DHS to expand US-VISIT program
By next spring the Department of Homeland Security (DHS) has plans to expand the US-VISIT program at all ports of entry to include Canadian commuters and green card holders.
Following a comment period this summer DHS is preparing
a final rule that would require all aliens entering the
United States to be fingerprinted and photographed. The
only exceptions to the proposed rule would be those younger
than 14 or older than 79 and most Canadians entering the
U.S. who do not require a special visa or work permit – shoppers,
those visiting family and friends, or on vacation.
Comments received by DHS expressed concern over longer
waits as more people lined up for fingerprints, and over
privacy, since records collected by US-VISIT are maintained
for 100 years. A lawful permanent resident who becomes
a citizen, for example, would stay in the system. “The
records are maintained but not accessed,” DHS representative
Anna Hinken said.
Today the US-VISIT program, in place since 2004, only collects
that information at from non-immigrant visitors and business
travelers, and Canadians workers are exempted. At the Pacific
Highway port of entry, for example, visitors subject to
US-VISIT are sent to secondary inspection, a digital photograph
is taken and two digital fingerprints are collected and
checked against databases of suspected terrorists, known
criminals and those who have previously broken immigration
laws.
At local ports of entry the proposed expansion of the program
would most affect Canadian citizens entering the United
States to work and legal permanent residents of the United
States.

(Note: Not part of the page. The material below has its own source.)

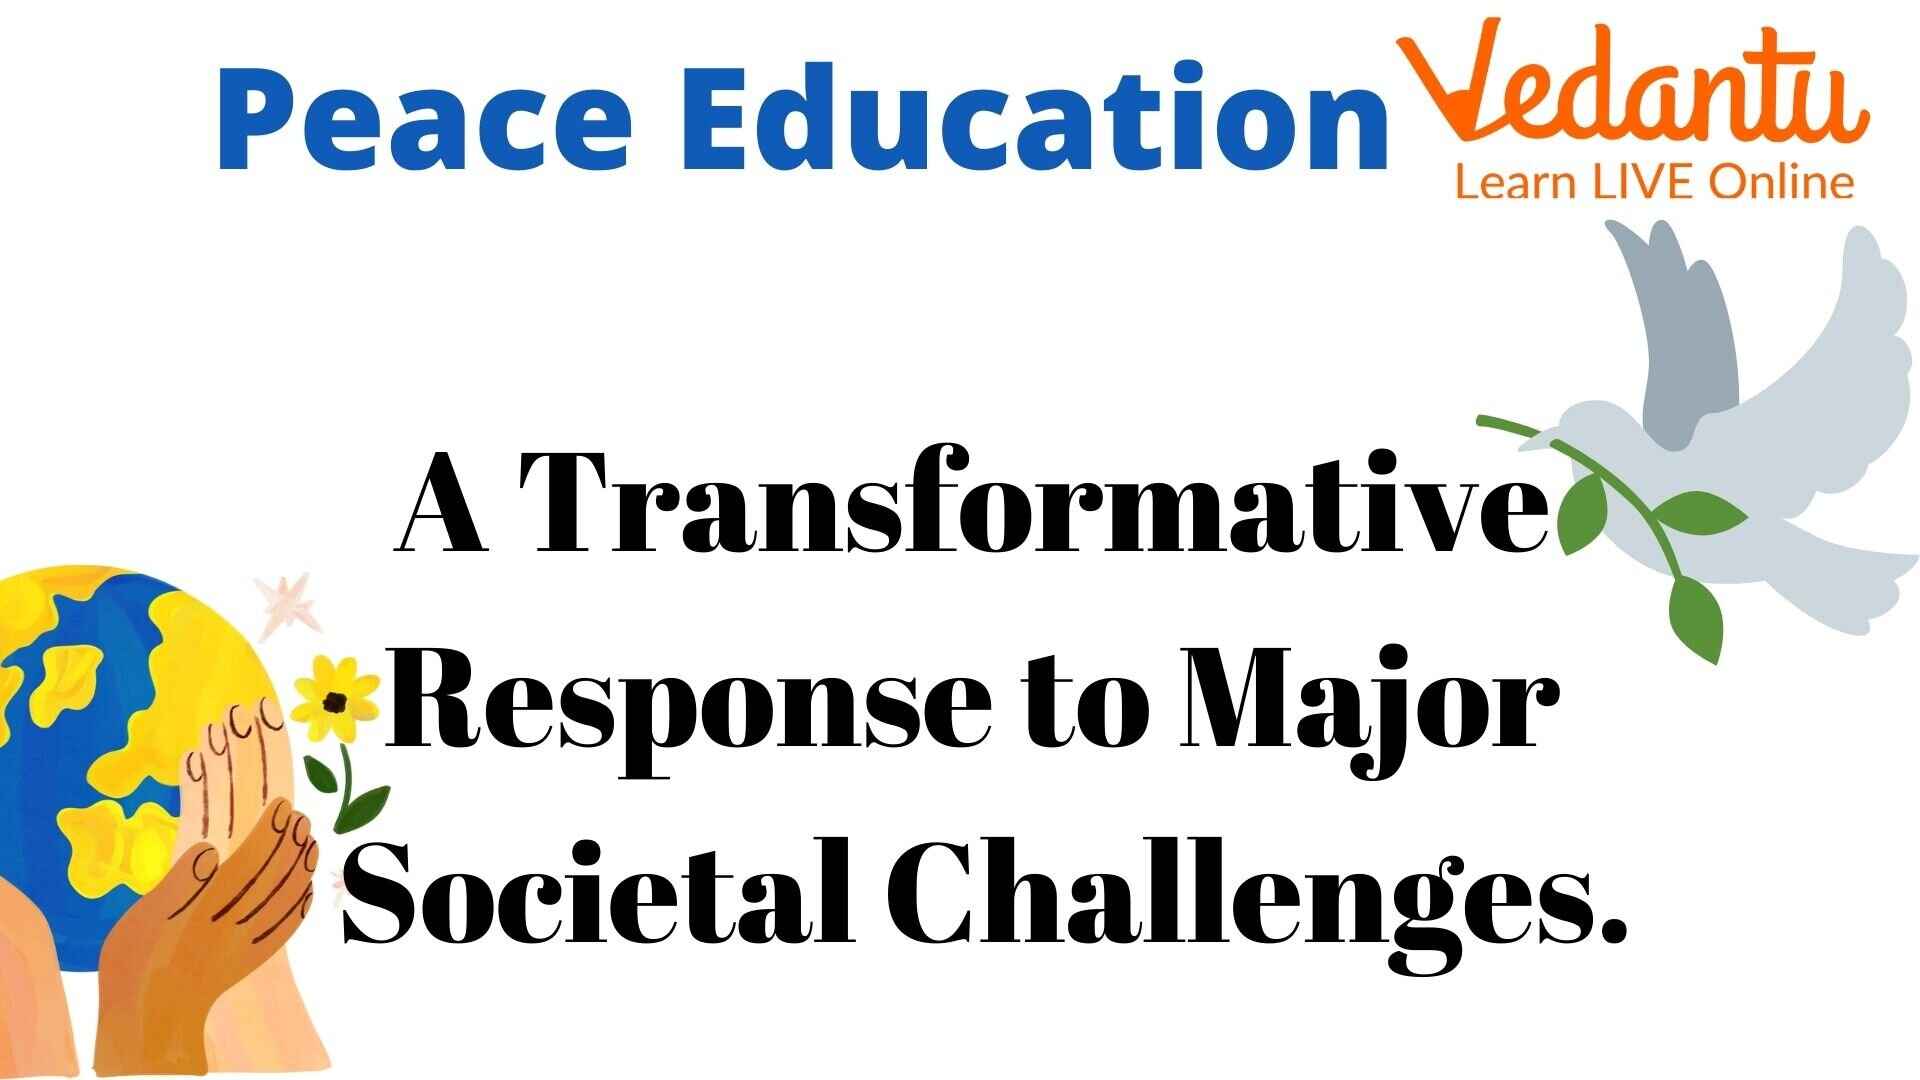 value and peace education previous year question paper

Hinken said that most Canadian workers would need
to register with US-VISIT when they renew their work visas.
The process for green-card holders would be similar. Once
the rule takes effect they would be required, the next
time they enter the country or renew their card, to enroll
with US-VISIT. The difference would be that, at the discretion
of the Customs and Border Protection (CBP) officer, a green-card
holder might need to re-enroll periodically at land borders,
and every time they enter the U.S. at airports.

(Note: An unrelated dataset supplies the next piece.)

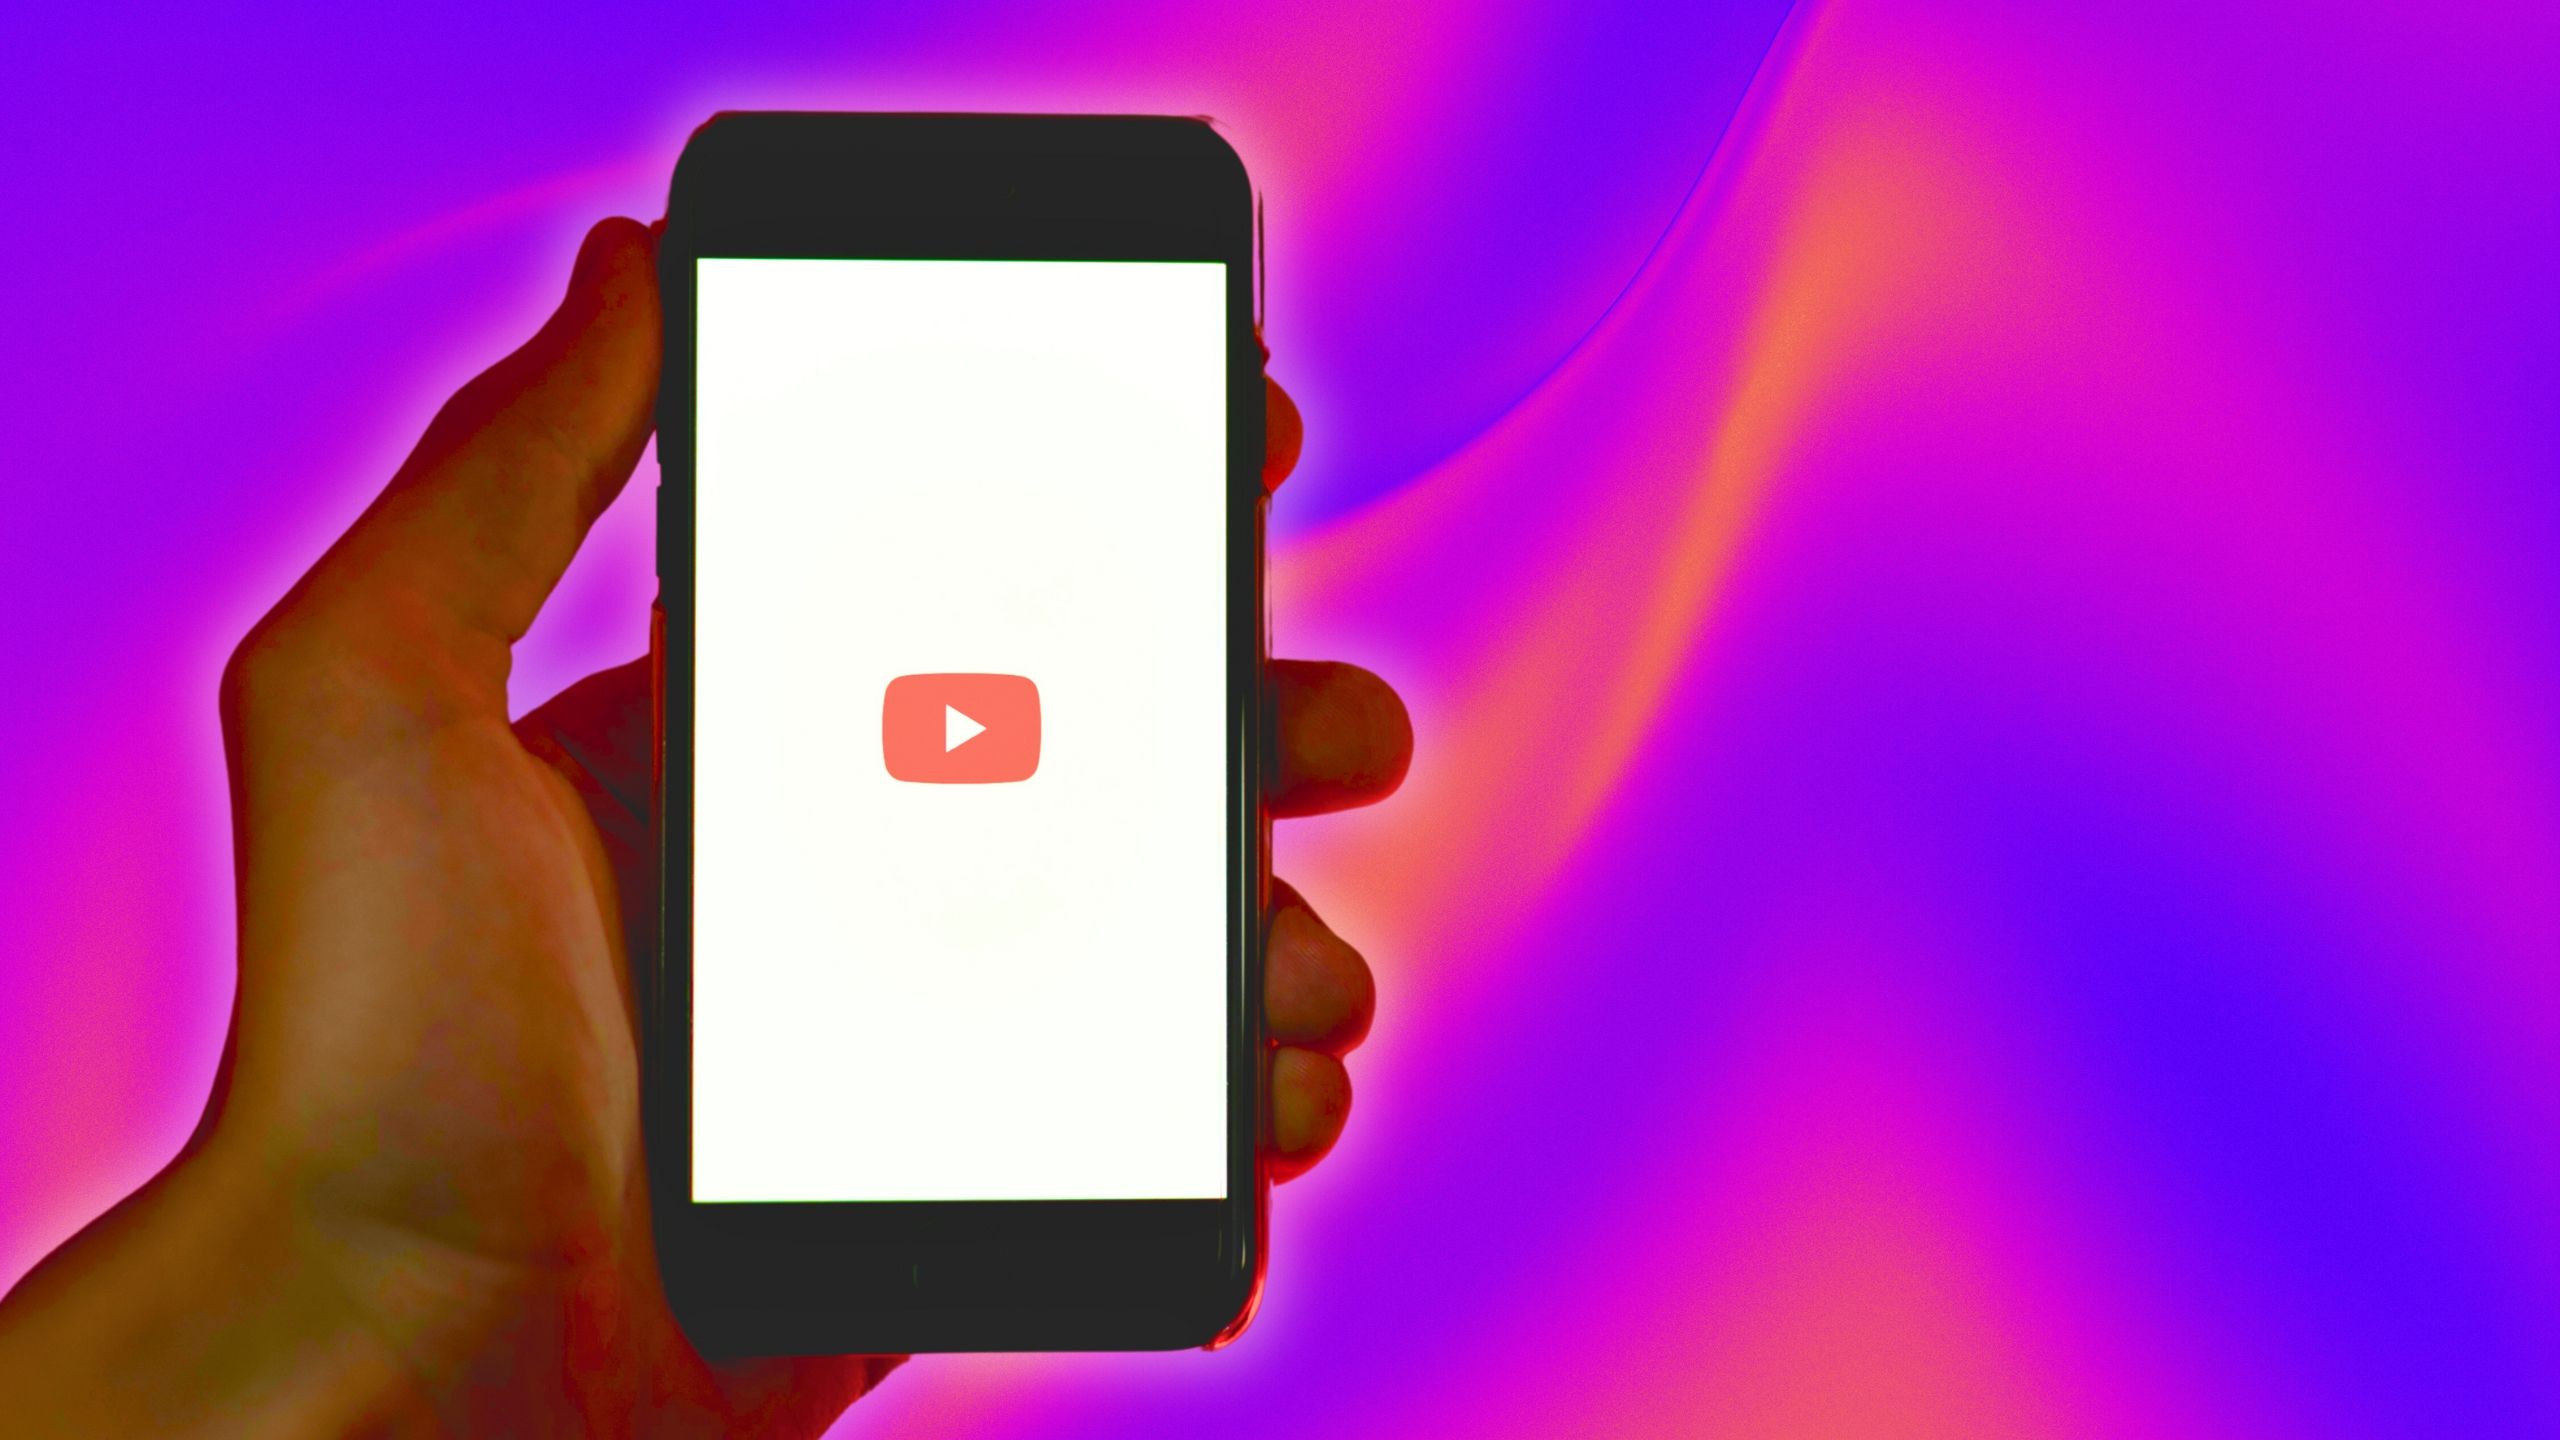 YouTube on a hand-held iPhone against a pink and purple background.

Legal permanent residents need to renew their travel documents
every ten years, or less frequently in many cases, so without
a technological way to tie the individual to the document,
Hinken said the in-person check was necessary to match
the US-VISIT record to the individual crossing the border.
Using a person’s fingerprint to activate a radio-frequency
signal on a wallet-sized card will also be the solution
to implementing the congressional mandate for US-VISIT
to also collect exit information from visitors to the U.S.
pilot program at Blaine’s Peace Arch tracked radio-tags
as they left the country but was unable to match the departing
tag with the person the card was issued to.
“We only knew the tag was leaving,” Hinken
said.
That pilot program has been discontinued and results
evaluated for use with other programs, she added.